[WHAT TO PRODUCE]:
Lines holding the word "Leather" are the ones to copy from the data below.

[DATA TO USE]:
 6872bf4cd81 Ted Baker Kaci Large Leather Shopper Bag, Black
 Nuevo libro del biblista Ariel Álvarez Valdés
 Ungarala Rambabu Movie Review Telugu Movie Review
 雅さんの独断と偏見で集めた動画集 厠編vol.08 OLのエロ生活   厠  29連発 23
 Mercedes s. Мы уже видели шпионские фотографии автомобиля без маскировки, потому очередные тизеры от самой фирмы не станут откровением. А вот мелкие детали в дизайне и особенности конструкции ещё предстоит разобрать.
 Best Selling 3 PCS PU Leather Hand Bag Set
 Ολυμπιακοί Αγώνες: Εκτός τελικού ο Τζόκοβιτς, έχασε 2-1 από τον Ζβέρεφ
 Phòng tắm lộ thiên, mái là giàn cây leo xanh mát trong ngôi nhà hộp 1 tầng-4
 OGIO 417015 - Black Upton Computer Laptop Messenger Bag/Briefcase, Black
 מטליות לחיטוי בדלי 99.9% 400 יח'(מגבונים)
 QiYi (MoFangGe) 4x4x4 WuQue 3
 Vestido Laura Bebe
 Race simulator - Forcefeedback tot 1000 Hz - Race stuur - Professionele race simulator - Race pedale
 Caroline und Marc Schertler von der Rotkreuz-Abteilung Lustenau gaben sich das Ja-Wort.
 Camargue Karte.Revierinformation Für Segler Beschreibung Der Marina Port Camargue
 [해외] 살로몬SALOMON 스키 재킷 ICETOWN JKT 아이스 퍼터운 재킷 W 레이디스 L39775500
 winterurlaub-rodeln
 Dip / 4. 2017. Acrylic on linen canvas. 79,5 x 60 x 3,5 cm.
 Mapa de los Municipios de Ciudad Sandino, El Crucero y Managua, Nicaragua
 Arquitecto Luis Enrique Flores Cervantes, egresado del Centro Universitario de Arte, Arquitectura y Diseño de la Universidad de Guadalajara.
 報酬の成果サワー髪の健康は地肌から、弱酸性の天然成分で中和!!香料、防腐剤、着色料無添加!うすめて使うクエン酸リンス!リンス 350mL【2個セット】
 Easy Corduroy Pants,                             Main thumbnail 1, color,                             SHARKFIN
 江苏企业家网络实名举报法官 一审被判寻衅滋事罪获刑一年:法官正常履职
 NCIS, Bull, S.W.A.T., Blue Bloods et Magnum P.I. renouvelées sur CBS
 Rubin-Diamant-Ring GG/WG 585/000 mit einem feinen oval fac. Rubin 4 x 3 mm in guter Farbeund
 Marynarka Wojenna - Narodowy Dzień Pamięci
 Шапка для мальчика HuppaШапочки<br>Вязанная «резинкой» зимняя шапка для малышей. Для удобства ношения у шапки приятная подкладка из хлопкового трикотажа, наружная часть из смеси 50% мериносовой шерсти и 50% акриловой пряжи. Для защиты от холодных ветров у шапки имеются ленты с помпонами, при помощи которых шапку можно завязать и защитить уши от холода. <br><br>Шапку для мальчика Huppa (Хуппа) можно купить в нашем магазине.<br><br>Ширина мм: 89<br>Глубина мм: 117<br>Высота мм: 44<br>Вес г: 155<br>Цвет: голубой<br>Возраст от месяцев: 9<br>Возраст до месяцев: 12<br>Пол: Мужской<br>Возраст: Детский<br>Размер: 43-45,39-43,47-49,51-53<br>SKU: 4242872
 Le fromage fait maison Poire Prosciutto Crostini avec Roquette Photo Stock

[REPLY TO THE EXERCISE]:
 6872bf4cd81 Ted Baker Kaci Large Leather Shopper Bag, Black
 Best Selling 3 PCS PU Leather Hand Bag Set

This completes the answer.